# car won't start sometimes



## gravity (Nov 3, 2003)

I think it could be my fuel pump or fuel related. Because when my car doesn't start, it just clicks. My cd player, lights, seat belts and other electrical stuff still works. But, i hear a buzzing noise coming from the rear of my car by the driver side rear wheel. I have giving it a push start and the car turns on or i keep turn the key and pumpin the gas and sometimes the car turns on. I have no clue what that problem is, and my ignition timing is off. Sometimes it idles at like 900rpm and at other times it bounces up and down from 500 to 900. Oh and i have a hole on the side of the rubber mount thing at the end of the intake plastic piece that connects to the throttle body. My car didnt pass smog the first time cause of ignition timing so if anyone knows what up please let me know.

the car is a 1990 240sx


----------



## Joel (Jun 11, 2003)

the buzzing is the fuel pump.
Check your starter motor


----------



## gravity (Nov 3, 2003)

where is the starter motor located at? and how much would it cost to get fixed if thats the problem? or is it somethin simple that i could probably fix on my own?


----------



## BlackRS13 (Nov 23, 2003)

gravity said:


> I think it could be my fuel pump or fuel related. Because when my car doesn't start, it just clicks. My cd player, lights, seat belts and other electrical stuff still works. But, i hear a buzzing noise coming from the rear of my car by the driver side rear wheel. I have giving it a push start and the car turns on or i keep turn the key and pumpin the gas and sometimes the car turns on. I have no clue what that problem is, and my ignition timing is off. Sometimes it idles at like 900rpm and at other times it bounces up and down from 500 to 900. Oh and i have a hole on the side of the rubber mount thing at the end of the intake plastic piece that connects to the throttle body. My car didnt pass smog the first time cause of ignition timing so if anyone knows what up please let me know.
> 
> the car is a 1990 240sx


ups.. i have that problem too...

after checking wires and connections, using service manual of my 180sx, i find that the fail is the starter motor...

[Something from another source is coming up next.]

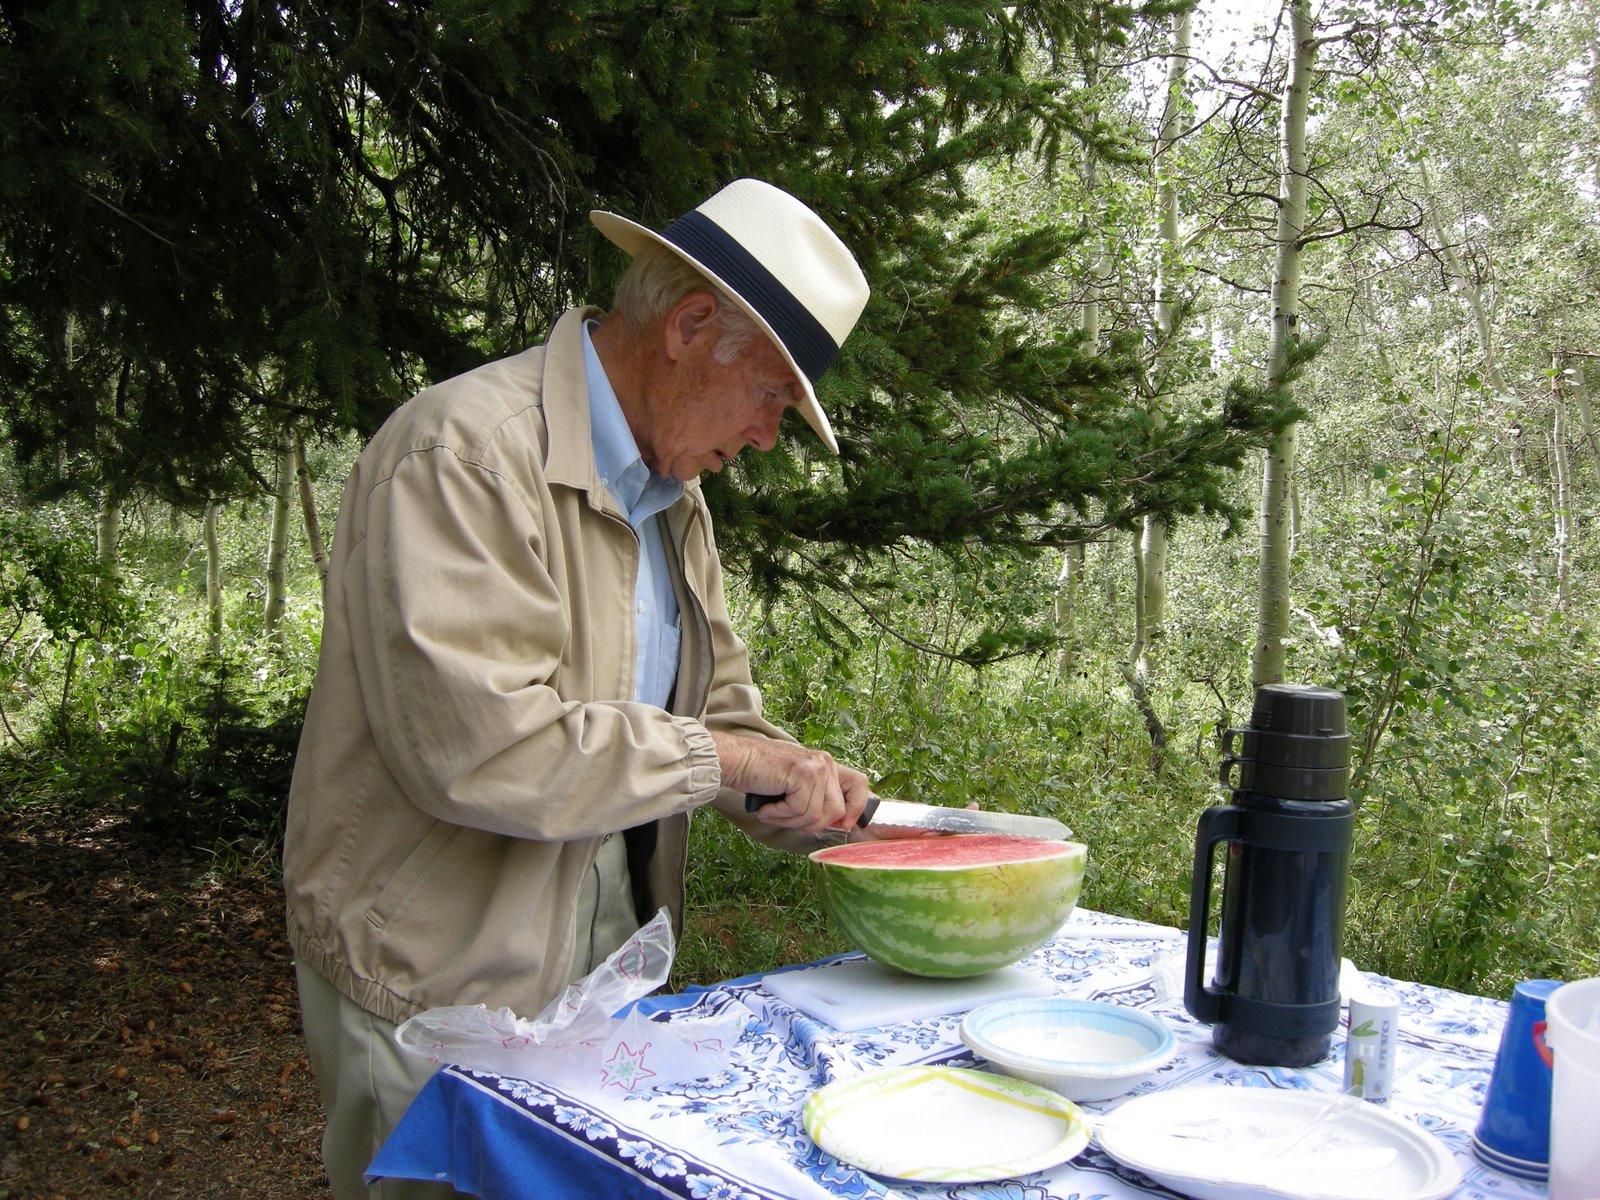 [Dad+and+watermelon.jpg]

then i have to extract them (CA18det), it cost me so much because the starter motor are under the intake, and it have two screws, palced in the middle of engine block and gear box. one of them, is over the gearbox, and the other is in the right side ("pilot" view)
first you have to remove some parts, this parts are connecting the engine block and the intake mainfold (easy).

when you extract the starter motor, it have too large screws, extract them and change the connectors between the starter motor rotor and wires from the battery (i dont know how to name this part in english).

i change this piece and cost me 10$ ars (almost 3 u$s)

download the service manual, search it in the web, 900 pages of pleasure about your car.

if the fail was the fuel pump, you cant drive your car....


----------



## cwrr226 (Feb 24, 2005)

gravity said:


> where is the starter motor located at? and how much would it cost to get fixed if thats the problem? or is it somethin simple that i could probably fix on my own?


i have the same problem with my car....u can try changin the starter....but its a bitch to get to though...its located right under the tranny....your best tool to use with this mission is a ratchet...so if u dont have on u should invest in gettin it if u plan on doin it yourself...BTW if u have fat wrist u might as well get a skinny person 2 do it cuz its impossible to get 2 if yo wrist or big...


----------



## sunnydet90 (Sep 10, 2004)

its the starter because if it just clicks and still has battery life then the starter has burnt up. if any one tells you that maybe the solenoid is blown kick them in the nuts because if it clicks then the solenoid is working

Don


----------



## rogoman (Dec 16, 2004)

gravity said:


> Oh and i have a hole on the side of the rubber mount thing at the end of the intake plastic piece that connects to the throttle body.


What you're referring to is the rubber bellows that connects the intake plenum to the throttle body. A hole in the bellows creates a huge vacuum leak which I'm sure accounts for some of your problems; while you're at it, check the other bellows also that's located next to the MAF.


----------



## s13squirrel (Apr 9, 2005)

I have a similar problem with my car not starting, but my starter does not click. And my car ('91 240sx) actually starts most of the time, but occasionally it refuses to turn over. Does this sound like a problem with the solenoid? I don't know much about electrical stuff... is the solenoid a part of the starter, or can it be replaced individually?


----------



## punkrocker (Aug 31, 2005)

I have the same kind of problem with my car. I just bought a 1988 Nissan Silvia S13, and when I go to start it all the lights come on - the cd player and pwr windows and sunroof work, but the motor doesnt tick over. There's just a clicking sound coming from the engine. Any ideas on how this can be fixed???


----------